Line 13 of claim 1 recites “the quantized weights”, which appears to be referring back to the weight values for the layer of the neural network that have been quantized. While this does not rise to an issue of lack of clarity, since it is clear what is meant, applicant should be consistent with claim terms, i.e. consistently call the values “quantized weights” or “quantized weight values for the layer of the neural network”. 
Similar analysis applies to going from “adjust the quantized weights” to “the adjusted quantized weight values”- the term can be “adjusted quantized weights” or “adjusted quantized weight values” but should not be both.
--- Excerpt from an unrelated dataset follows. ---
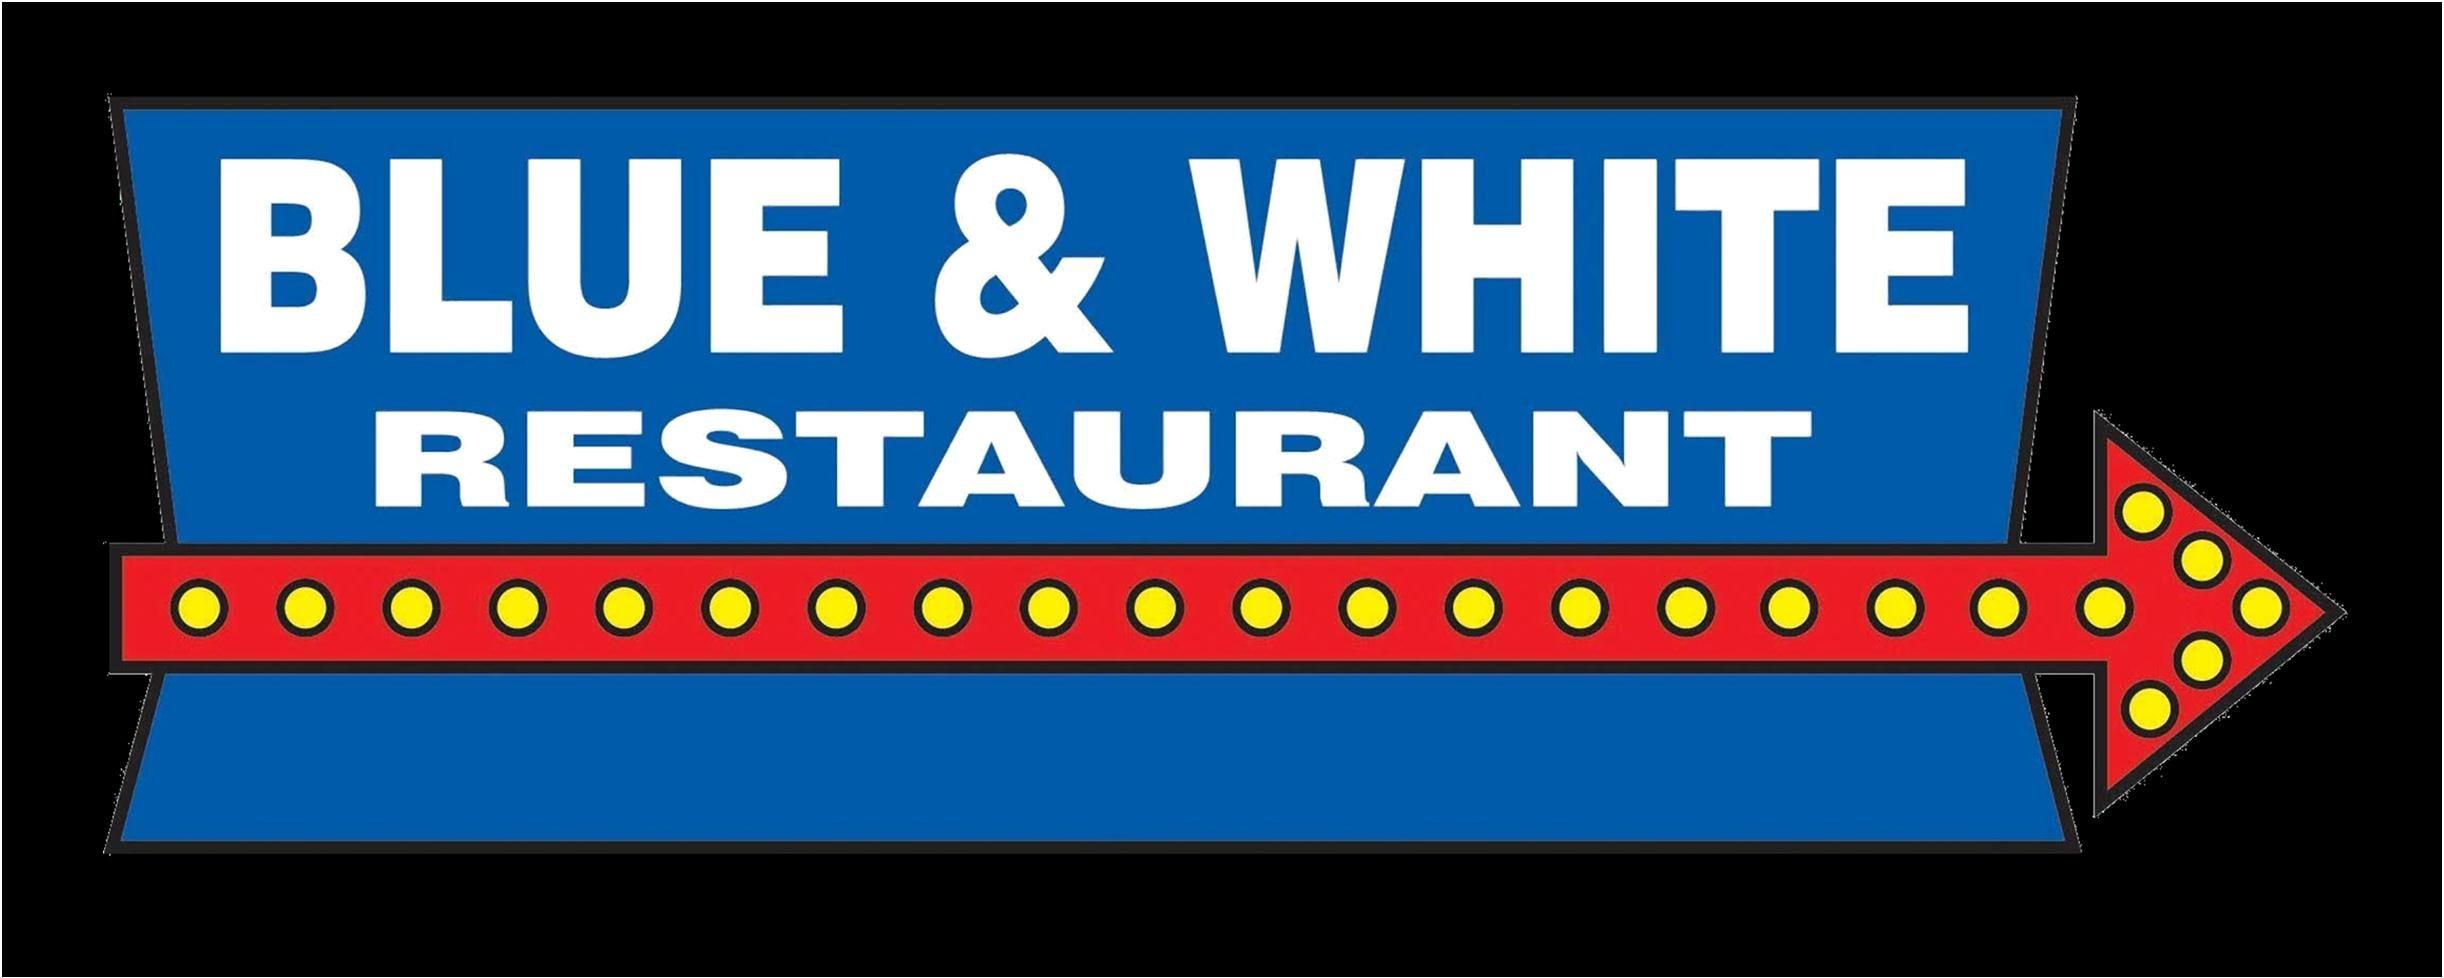 White with Blue Rectangles Logo - Blue and White Restaurant ... Established Since 1924
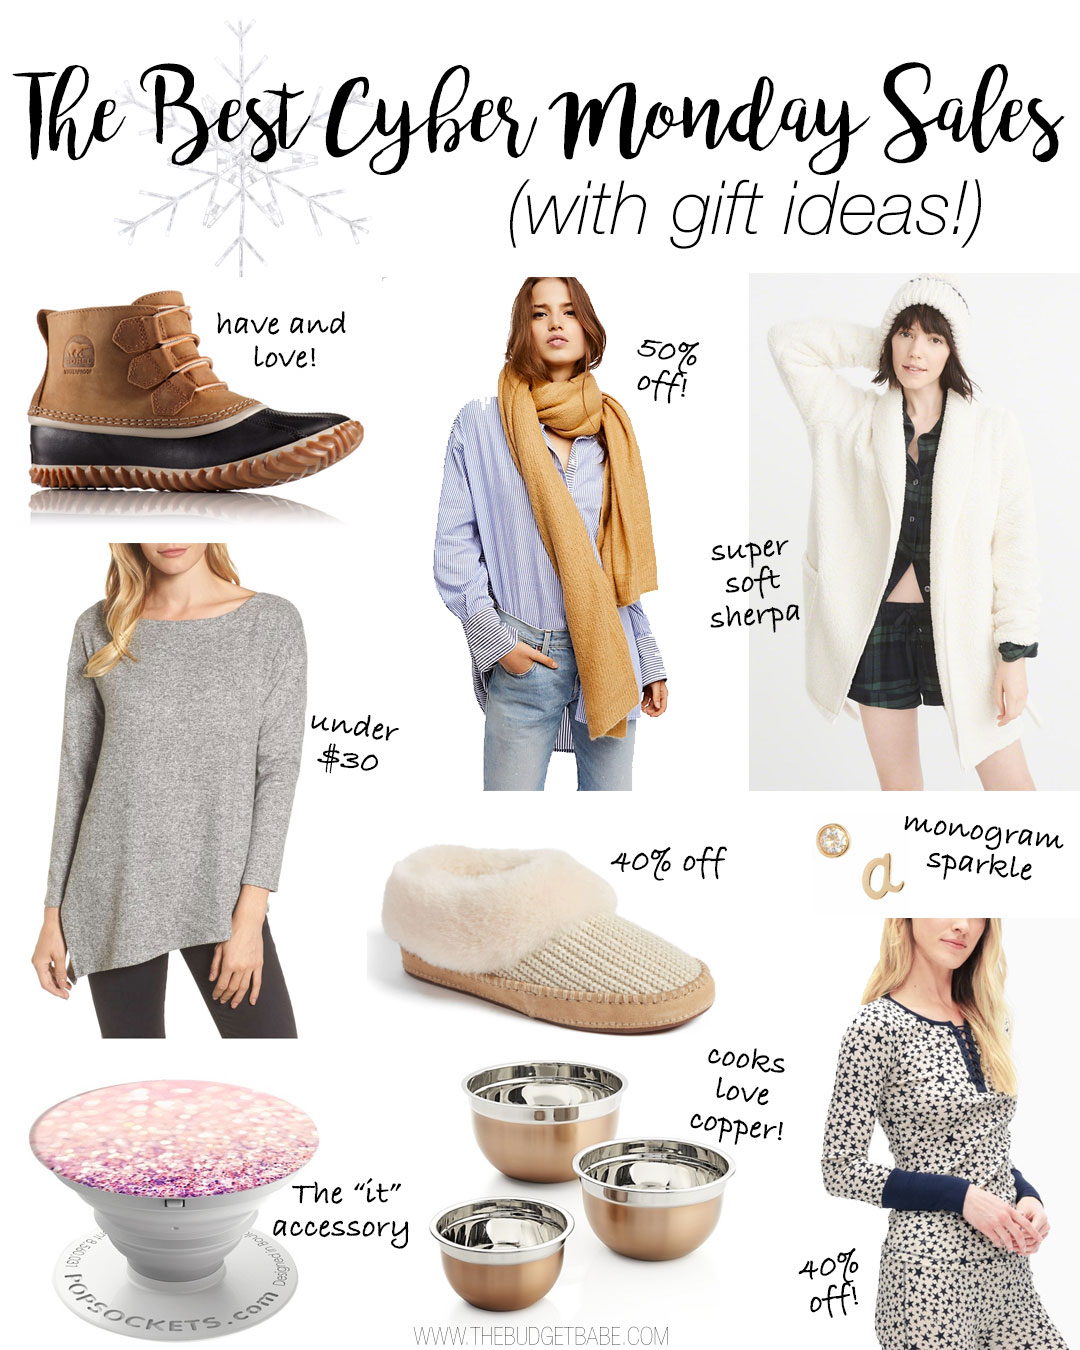 The Budget Babe shares her top Cyber Monday sales with affordable gift ideas for everyone

Similar analysis also applies to the term “the quantized weights for the layer”, “the quantized weights”, and “the adjusted quantized weight values” in claim 2. Similar analysis applies to claims 8, 9, 15, and 16.
Line 6 of claim 5 recites “diving” which appears to be a typographical error for “dividing”. Similar terminology appears in claims 12 and 19, which should be corrected similarly.
Line 1 of claims 10-12 recites “The system of method of Claim 8” which appears to be a typographical error for “The system of claim 8”.
Appropriate correction is required.

Claim Rejections - 35 USC § 112
The following is a quotation of 35 U.S.C. 112(b):
(b)  CONCLUSION.—The specification shall conclude with one or more claims particularly pointing out and distinctly claiming the subject matter which the inventor or a joint inventor regards as the invention.


The following is a quotation of 35 U.S.C. 112 (pre-AIA ), second paragraph:
The specification shall conclude with one or more claims particularly pointing out and distinctly claiming the subject matter which the applicant regards as his invention.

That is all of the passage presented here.